Maximum number of records in a file. This parameter needs to be set if encode is csv (append is false), json (append is false), orc, avro, avro_merge, or parquet. If the maximum number of records has been reached, a new file is generated.

dump_interval

No

Triggering period. This parameter needs to be configured when the ORC encoding format is adopted or notification to DIS is enabled.

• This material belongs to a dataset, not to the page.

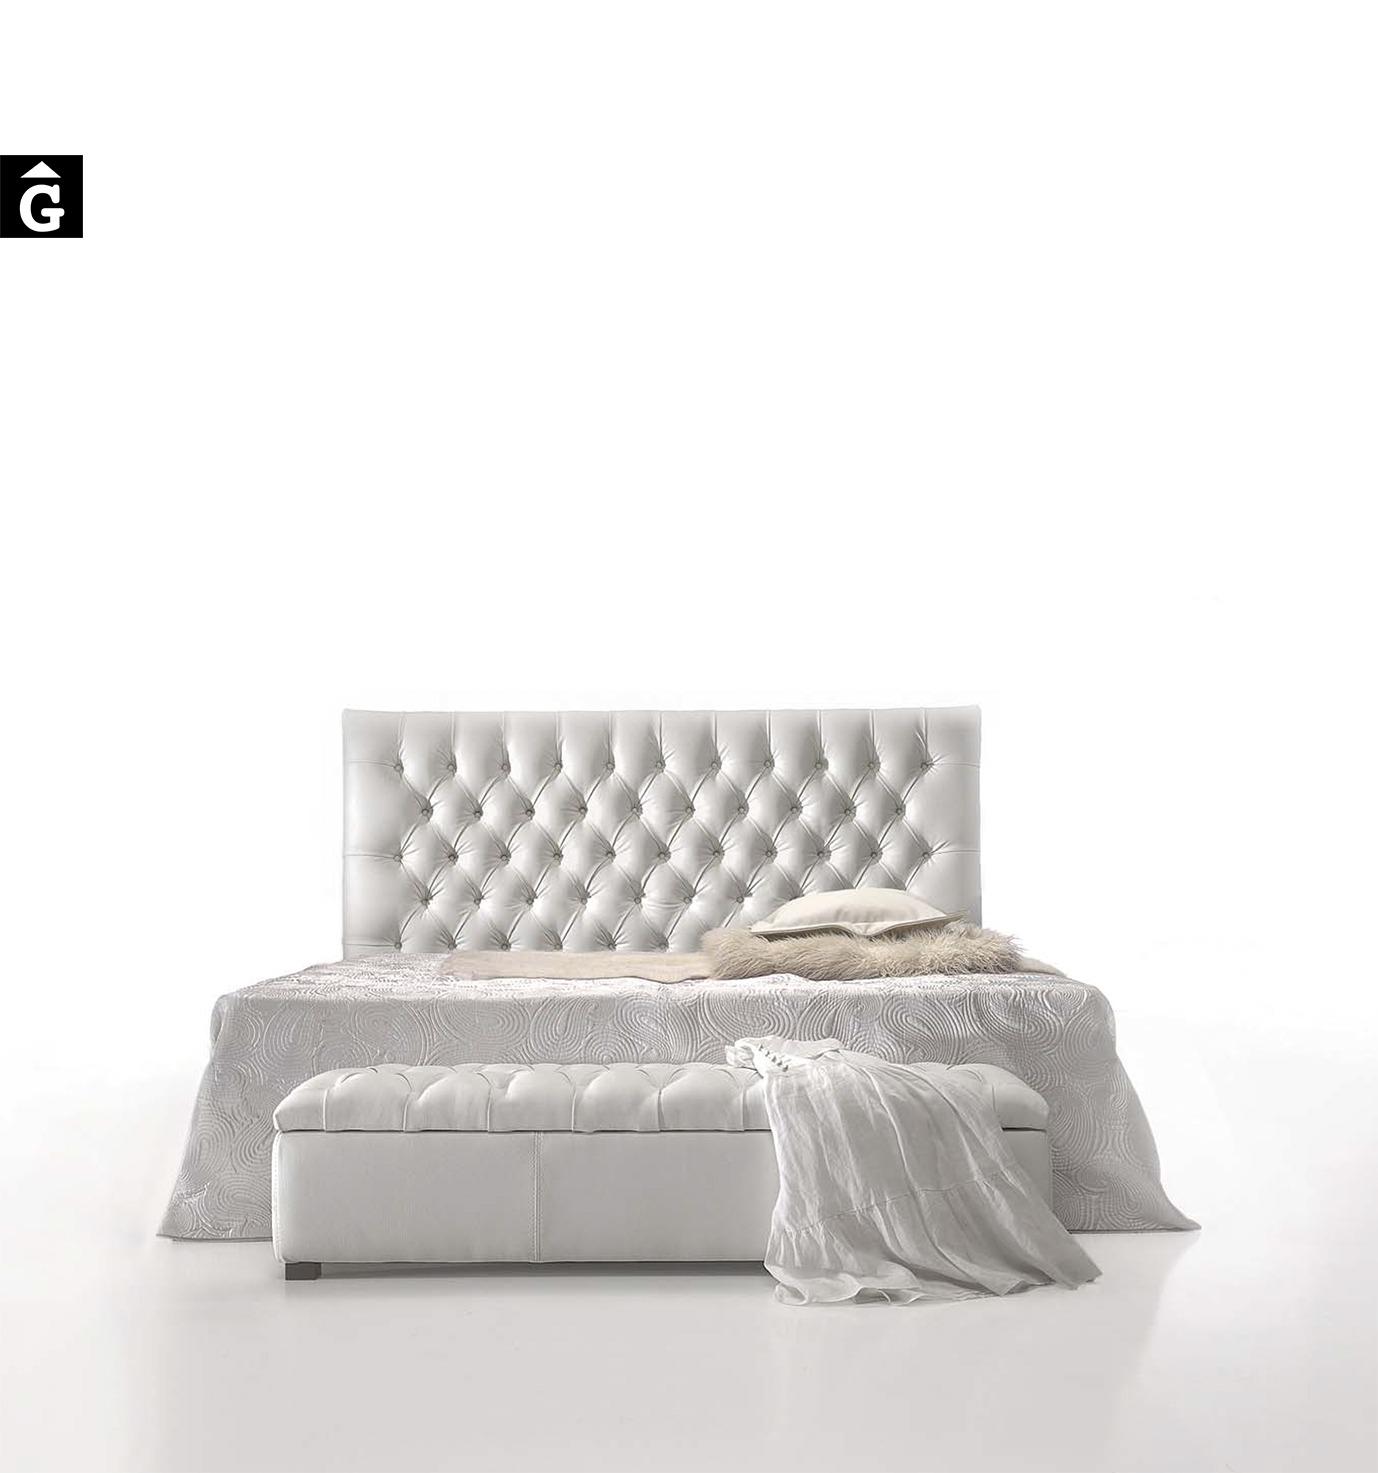 MORADILLO BY MOBLES GIFREU BEDS LLIT TAPISSAT CAPITONÉ GIRONA

  • If the ORC encoding format is specified, this parameter indicates that files will be uploaded to OBS when the triggering period arrives even if the number of file records does not reach the maximum value.
  • In notification to DIS is enabled, this parameter specifies that a notification is sent to DIS every period to indicate that no more files will be generated in the directory.

dis_notice_channel

No

DIS channel where DLI sends the record that contains the OBS directory DLI periodically sends the DIS channel a record, which contains the OBS directory, indicating that no more new files will be generated in the directory.

encoded_data

No

Data to be encoded. This parameter is set if encode is json (append is false), avro_merge, or parquet. The format is ${field_name}, indicating that the stream field content is encoded as a complete record.

Precautions

If a configuration item can be specified through parameter configurations, one or more columns in the record can be used as part of the configuration item. For example, if the configuration item is set to car_$ {car_brand} and the value of car_brand in a record is BMW, the value of this configuration item is car_BMW in the record.

Example

  • Export the car_infos data to the obs-sink bucket in OBS. The output directory is car_infos. The output file uses greater_30 as the file name prefix. The maximum size of a single file is 100 MB. If the data size exceeds 100 MB, another new file is generated. The data is encoded in CSV format, the comma (,) is used as the attribute delimiter, and the line break is used as the line separator.
     1
     2
     3
     4
     5
     6
     7
     8
     9
    10
    11
    12
    13
    14
    15
    16
    17
    CREATE SINK STREAM car_infos (
      car_id STRING,
      car_owner STRING,
      car_brand STRING,
      car_price INT,
      car_timestamp LONG
    )
      WITH (
        type = "obs",
        encode = "csv",
        region = "xxx",
        field_delimiter = ",",
        row_delimiter = "\n",
        obs_dir = "obs-sink/car_infos",
        file_prefix = "greater_30",
        rolling_size = "100m"
    );
    
  • Example of the ORC encoding format
     1
     2
     3
     4
     5
     6
     7
     8
     9
    10
    11
    12
    13
    14
    15
    16
    CREATE SINK STREAM car_infos (
      car_id STRING,
      car_owner STRING,
      car_brand STRING,
      car_price INT,
      car_timestamp LONG
    )
      WITH (
        type = "obs",
        region = "xxx",
        encode = "orc",
        obs_dir = "dli-append-2/obsorc",
        FILE_PREFIX = "es_info",
        max_record_num_per_file = "100000",
        dump_interval = "60"
    );
    
  • For details about the parquet encoding example, see the example in File System Sink Stream (Recommended).